■ What to work on
Find the line that contains "3772 ppc 1927年广州起义照片版明信片一组四十二枚"; please output it and each line after it, exactly as shown, up to the end of the entries below, skipping pictures.

■ Source information
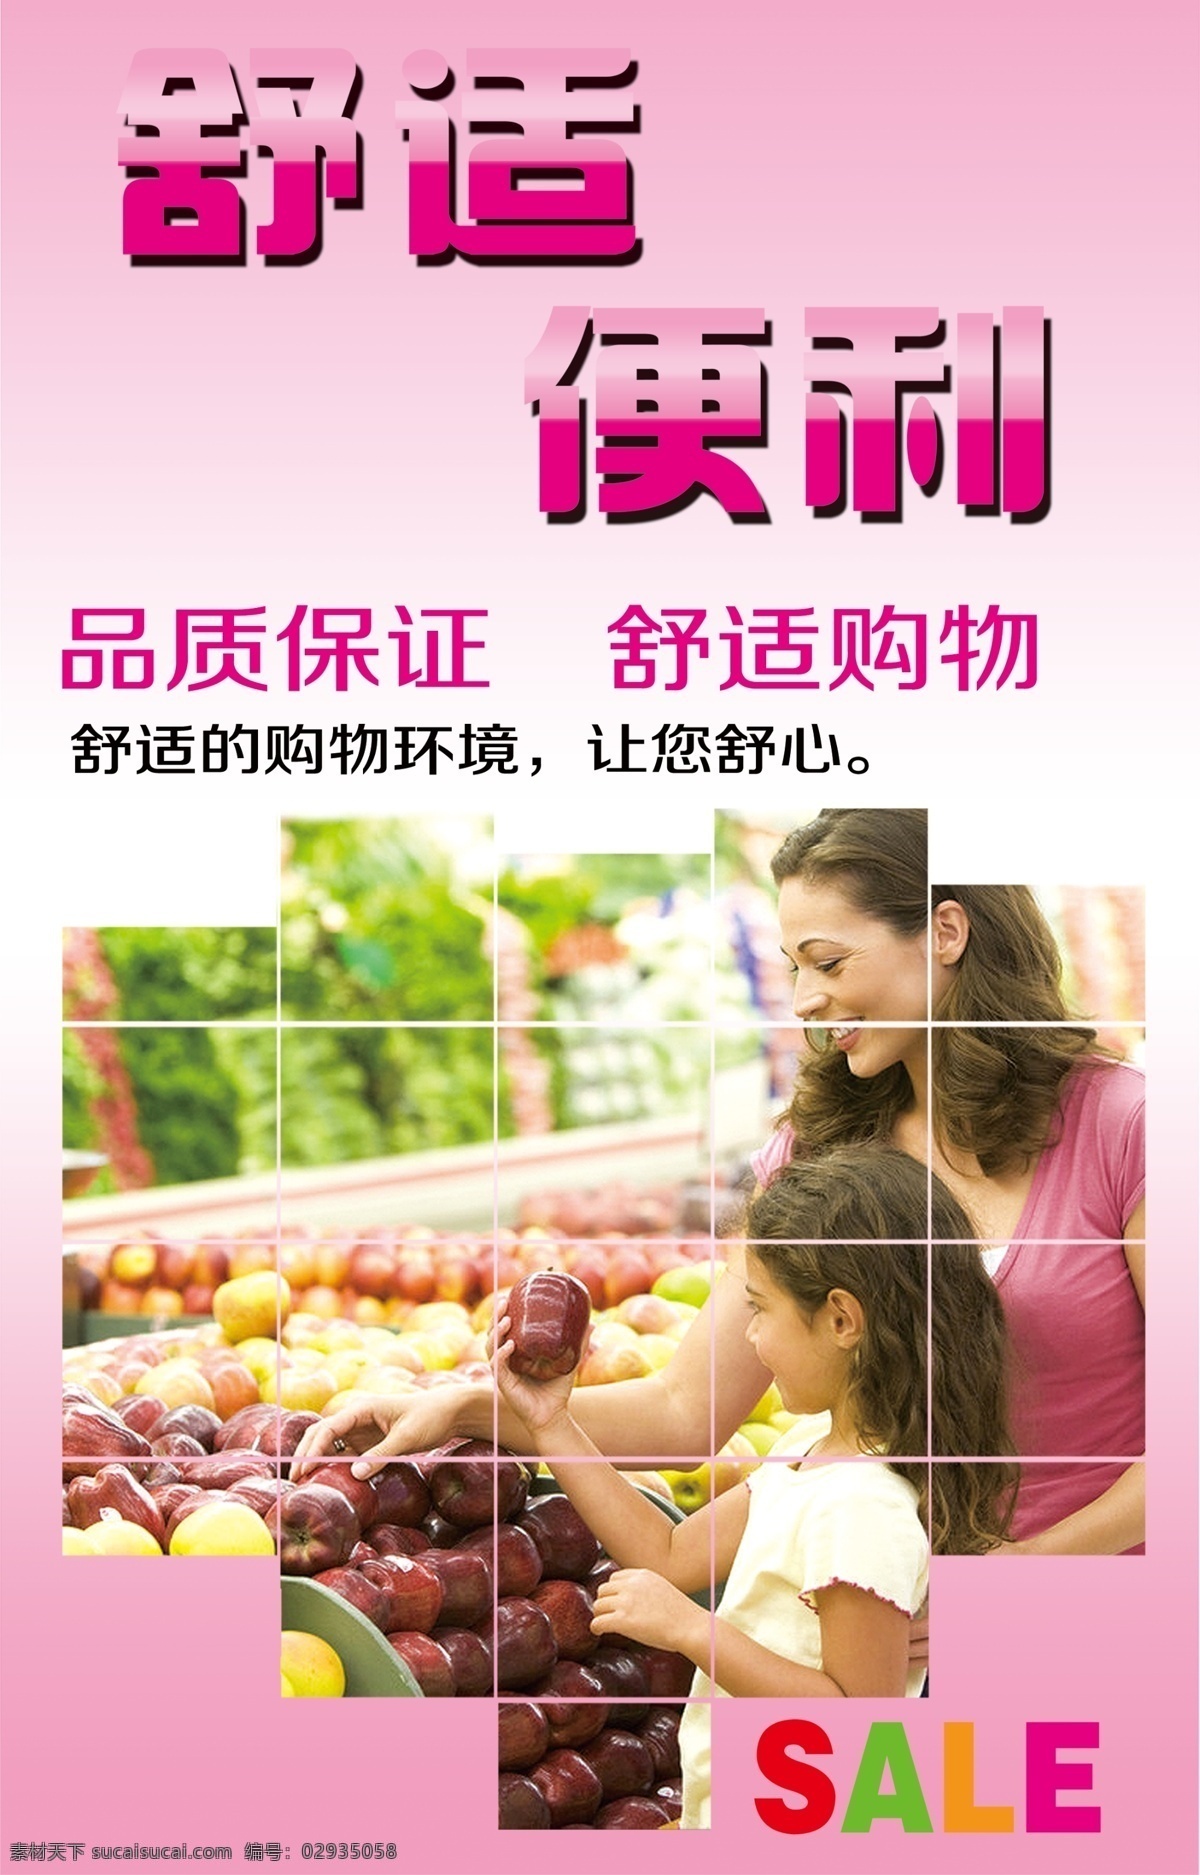 超市形象 舒适 便利 粉色底板 水果 超市购物 分层
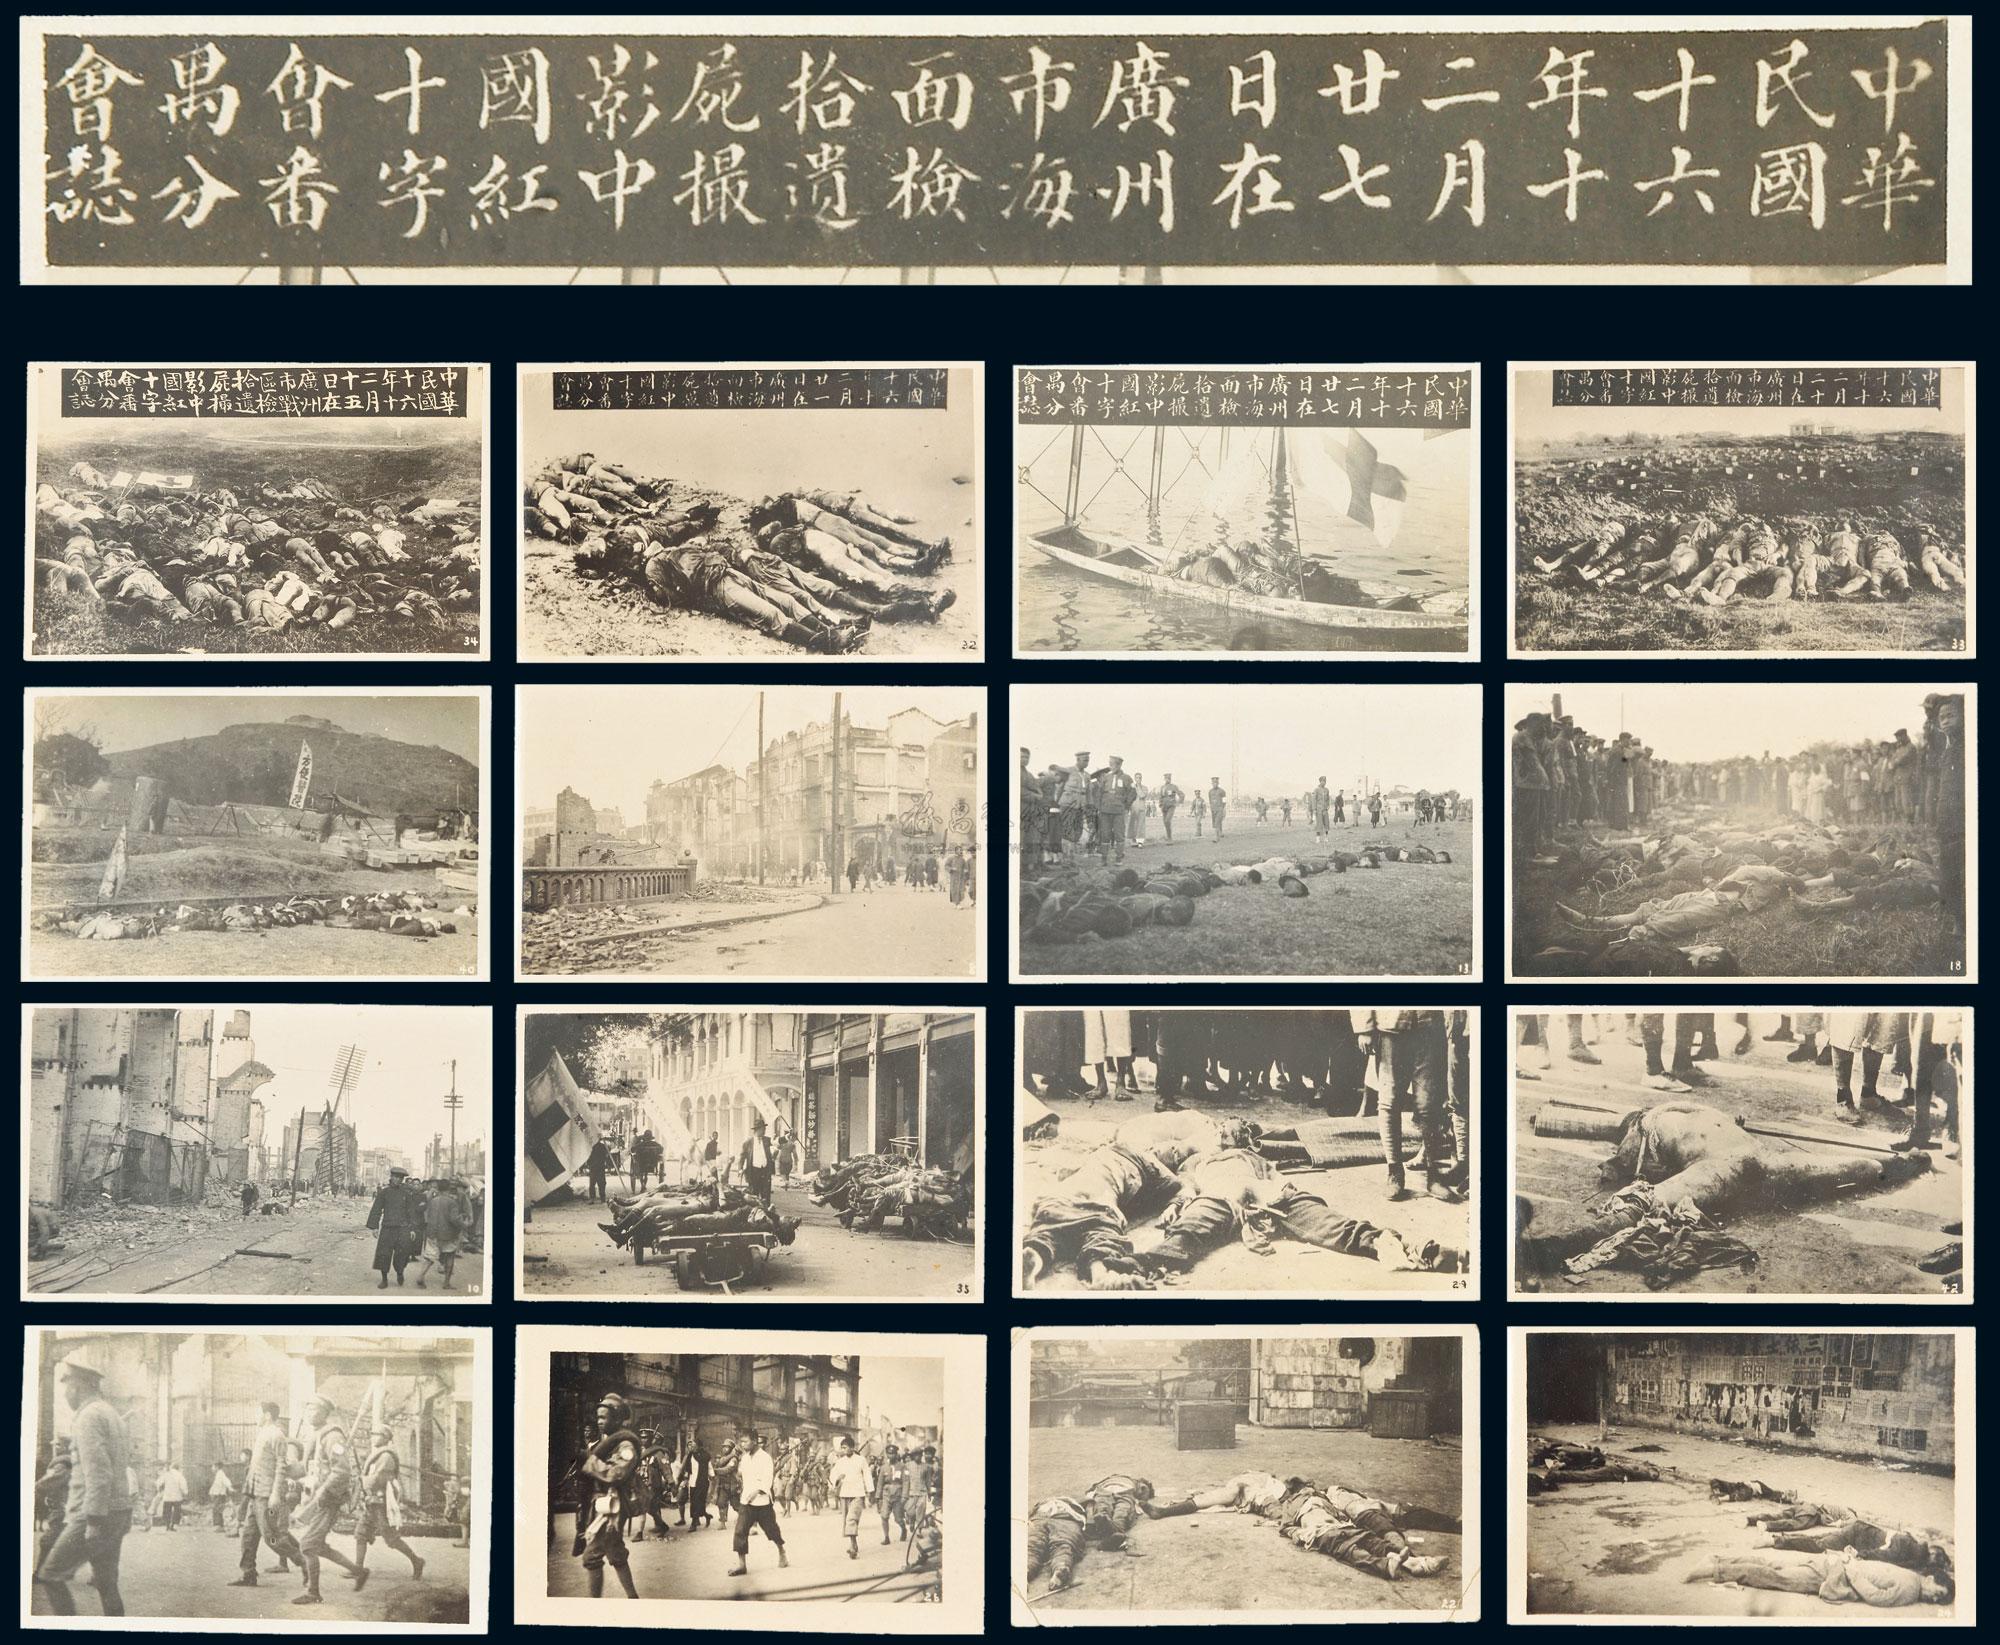 3772 ppc 1927年广州起义照片版明信片一组四十二枚
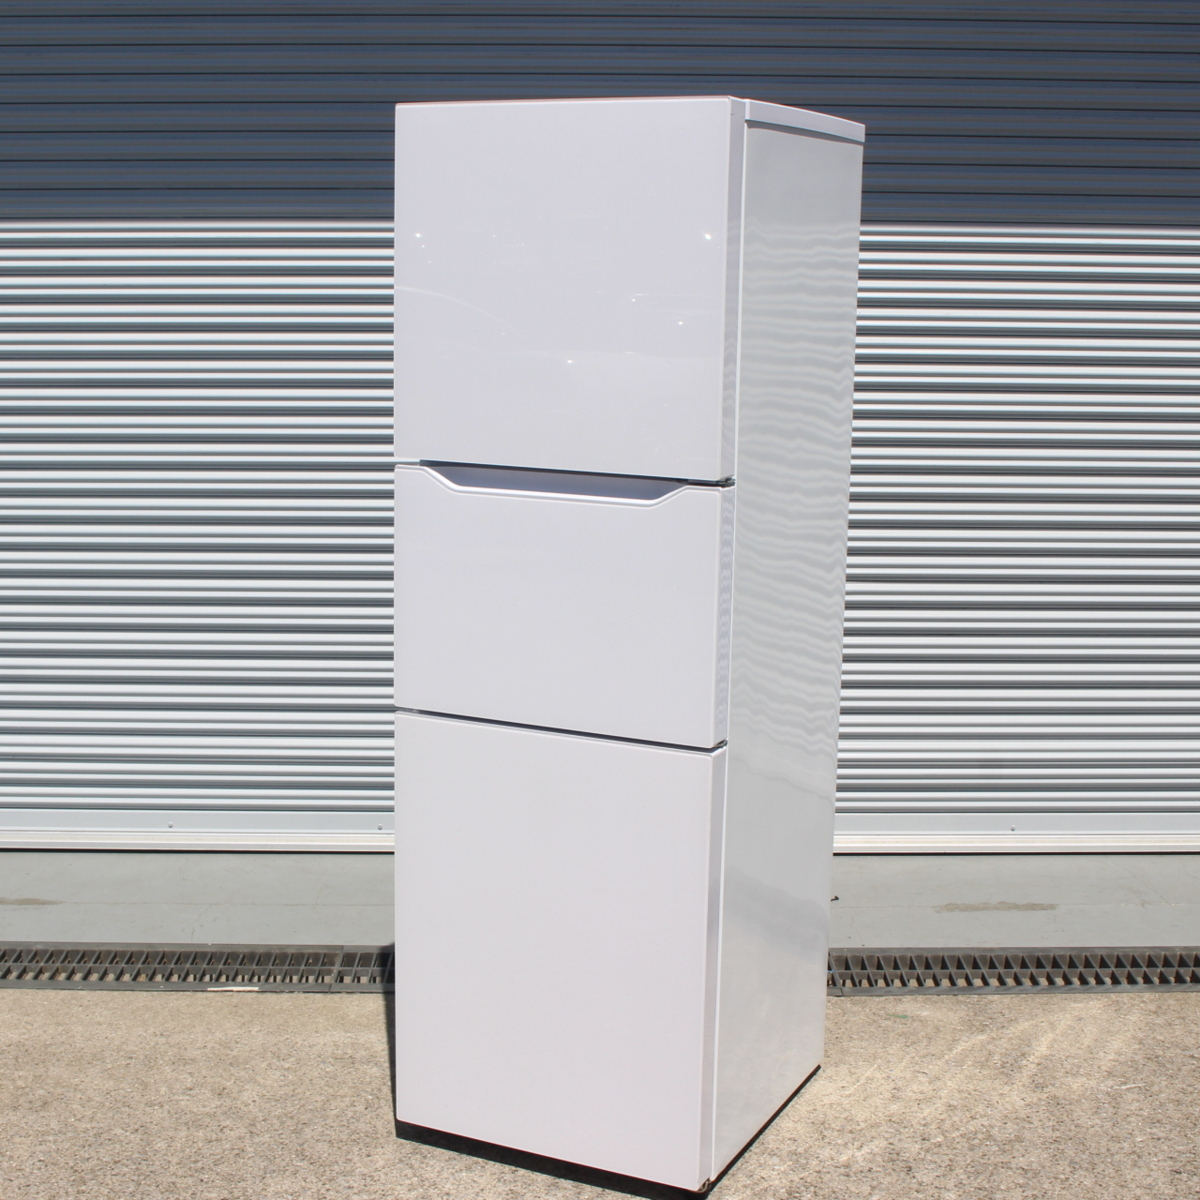 ツインバード ノンフロン冷凍冷蔵庫 HR-E919 199L 3ドア  2018年製
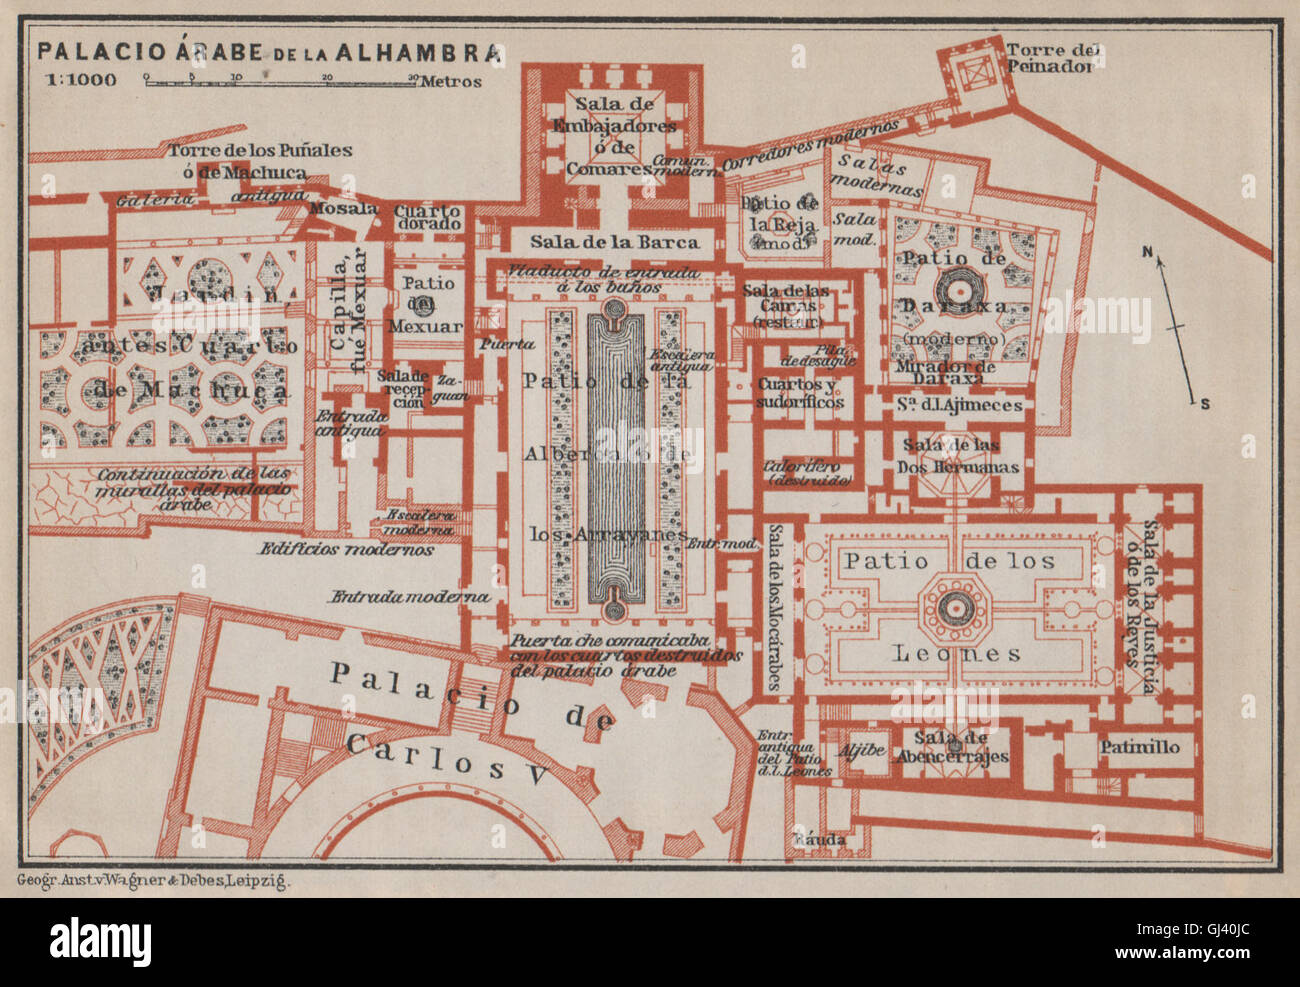 PALACIO ARABE DE LA ALHAMBRA floor plan. Granada. Spain España mapa, 1913 Stock Photo
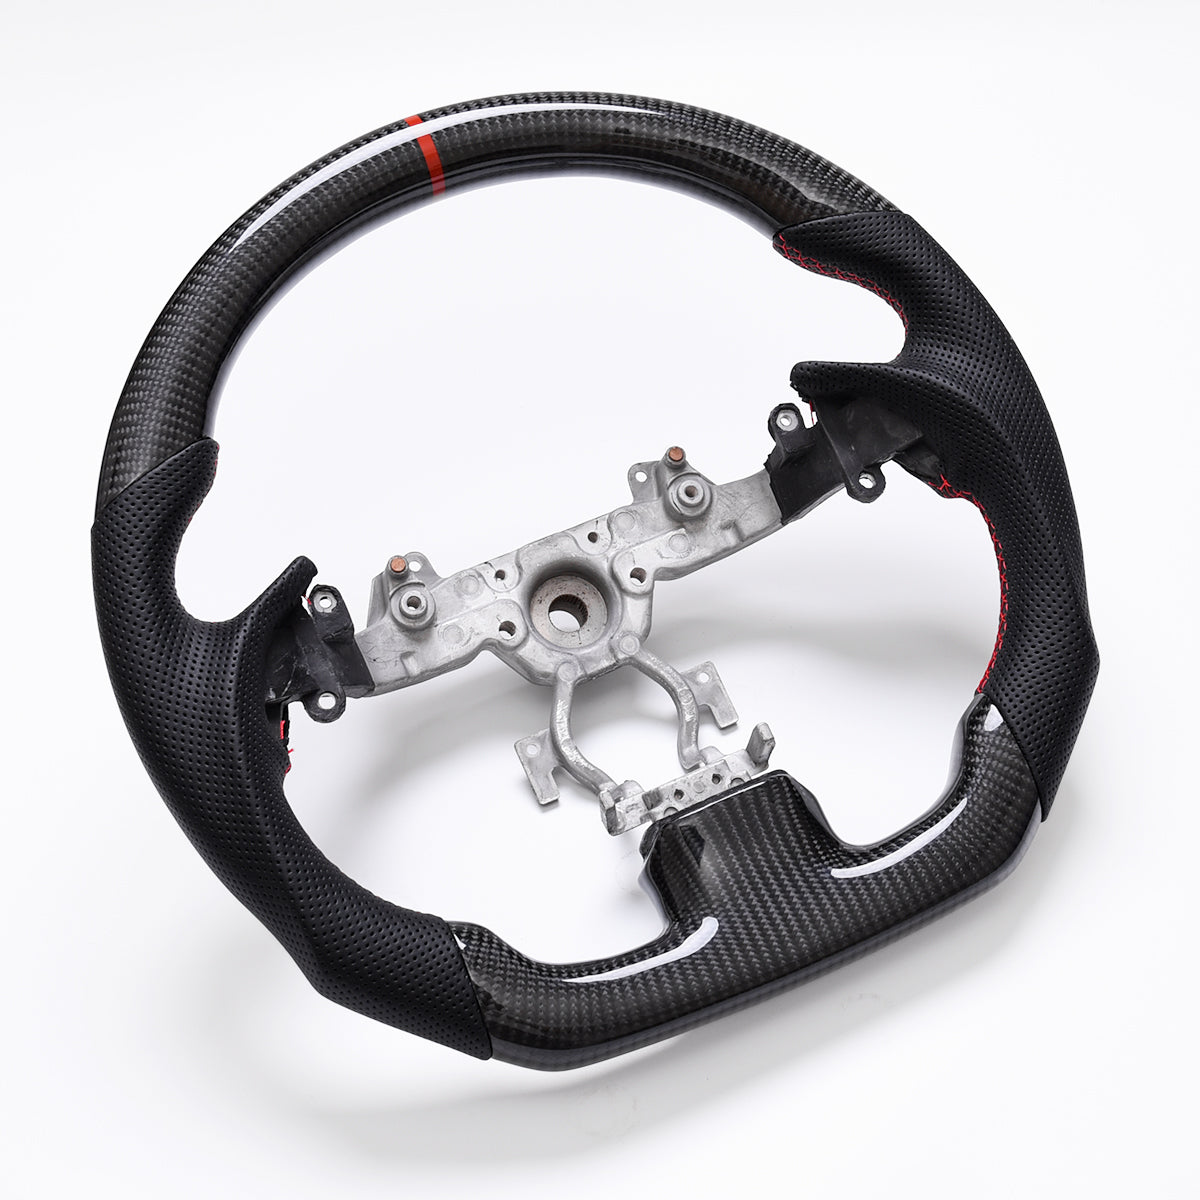 Revolve Carbon Fiber OEM Steering Wheel | Infiniti G37 2008-2013 - revolvesteering

■ Answer
 3772 ppc 1927年广州起义照片版明信片一组四十二枚
 ツインバード ノンフロン冷凍冷蔵庫 HR-E919 199L 3ドア  2018年製
 PALACIO ARABE DE LA ALHAMBRA floor plan. Granada. Spain España mapa, 1913 Stock Photo
 Revolve Carbon Fiber OEM Steering Wheel | Infiniti G37 2008-2013 - revolvesteering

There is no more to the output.